The forensic pathologist performs autopsies/postmortem examinations with the goal of determining the cause of death as well as the possible manner of death. The autopsy report contains conclusions made relating to the following:
- The pathological process, injury, or disease that directly results in or initiates a series of events that lead to a person's death (also called the mechanism of death), such as a bullet wound to the head, exsanguination caused by a stab wound, manual or ligature strangulation, myocardial infarction resulting from coronary artery disease, etc.)
- The manner of death, the circumstances surrounding the cause of death, which, in most jurisdictions, include the following:
  - Homicide
  - Accidental
  - Natural
  - Suicide
  - Undetermined

The autopsy also provides an opportunity for other issues raised by the death to be addressed, such as the collection of trace evidence or determining the identity of the deceased. Autopsies are performed when a death occurs, when an unexpected death occurs, when someone dies while not under the care of a physician, to solve criminal cases, when a mass disaster occurs and requires the identification of the victims and upon request by the family or loved ones of the deceased. Typically, autopsies can cost anywhere from $3,000 to $5,000, however the price can vary from country to country.

The forensic pathologist examines and documents wounds and injuries, along with the possible causation of those injuries, at autopsy, at the scene of a crime and occasionally in a clinical setting, such as rape investigation or deaths in custody.

Forensic pathologists collect and examine tissue specimens under the microscope (histology) to identify the presence or absence of natural disease and other microscopic findings such as asbestos bodies in the lungs or gunpowder particles around a gunshot wound. They collect and interpret toxicological specimens of body tissues and fluids to determine the chemical cause of accidental overdoses or deliberate poisonings.

Forensic pathologists work closely with the medico-legal authority for the area concerned with the investigation of sudden and unexpected deaths: the coroner (England and Wales), procurator fiscal (Scotland), or coroner or medical examiner (United States).

It is highly important for the verdict of an autopsy to be accurate and unbiased. The manner of death determined by the medical examiner influences greatly the investigative process. Cognitive bias poses a problem for its unconscious influence on decision-making, hence the importance of filtering irrelevant contextual information.

In mass disaster settings, forensic pathologists will work alongside Forensic Odontologists, Forensics Anthropologists as well as other forensic specialties with the goal of identifying the victims of the disaster. The process of identification involves the recovery of the victims, the collection of antemortem data, the initial examination along with the collection of any postmortem evidence, and finally the comparison of the antemortem and postmortem data gathered in order to identify those victims.

They serve as expert witnesses in courts of law testifying in civil or criminal law cases.

In an autopsy, the forensic pathologist is often assisted by an autopsy/mortuary technician (sometimes called a diener in the US).

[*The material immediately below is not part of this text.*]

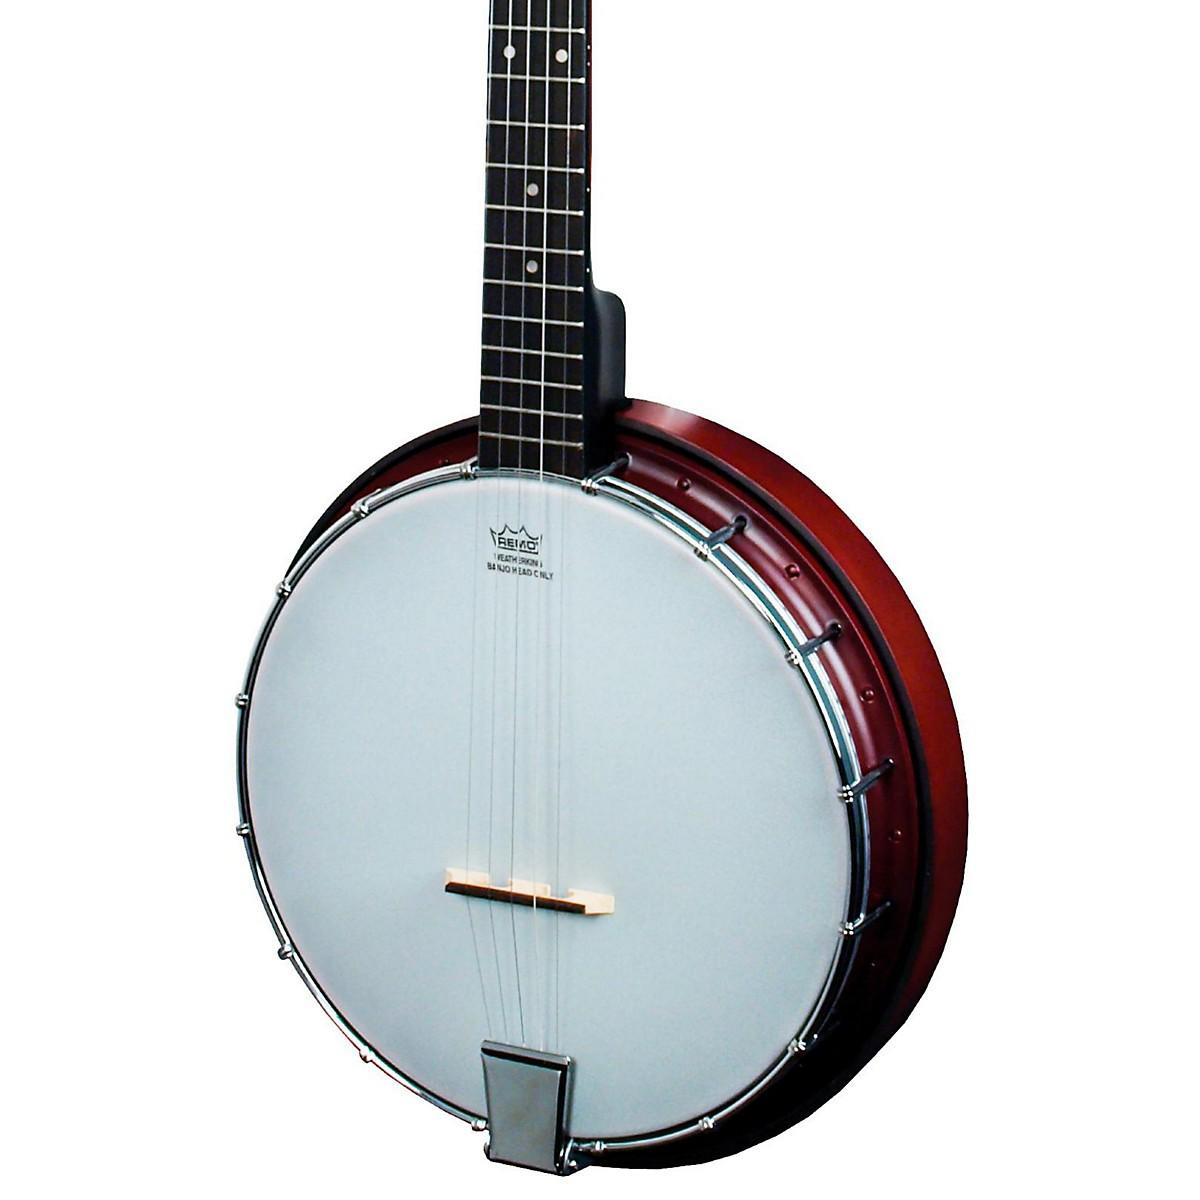 Morgan Monroe Rocky Top RT-B01L Hoedown Left-Handed Banjo

Forensic physicians sometimes referred to as "forensic medical examiners" or "police surgeons" (in the UK until recently), are medical doctors trained in the examination of, and provision of medical treatment to, living victims of assault, including sexual assault, and individuals who find themselves in police custody. Many forensic physicians in the UK practice clinical forensic medicine part-time, and they also practice family medicine or another medical specialty.

In the United Kingdom, membership of the Royal College of Pathologists is not a prerequisite of appointment as a coroner's medical expert. Doctors in the UK who are not forensic pathologists or pathologists are allowed to perform medicolegal autopsies, as the wording of the Coroners and Justice Act 2009, which merely stipulates a "registered medical practitioner": anyone on the General Medical Council register.

Forensic pathologists make contributions to public health and preventative medicine by studying the dead. By using their findings during autopsies, they can use their knowledge to prevent the death of another person.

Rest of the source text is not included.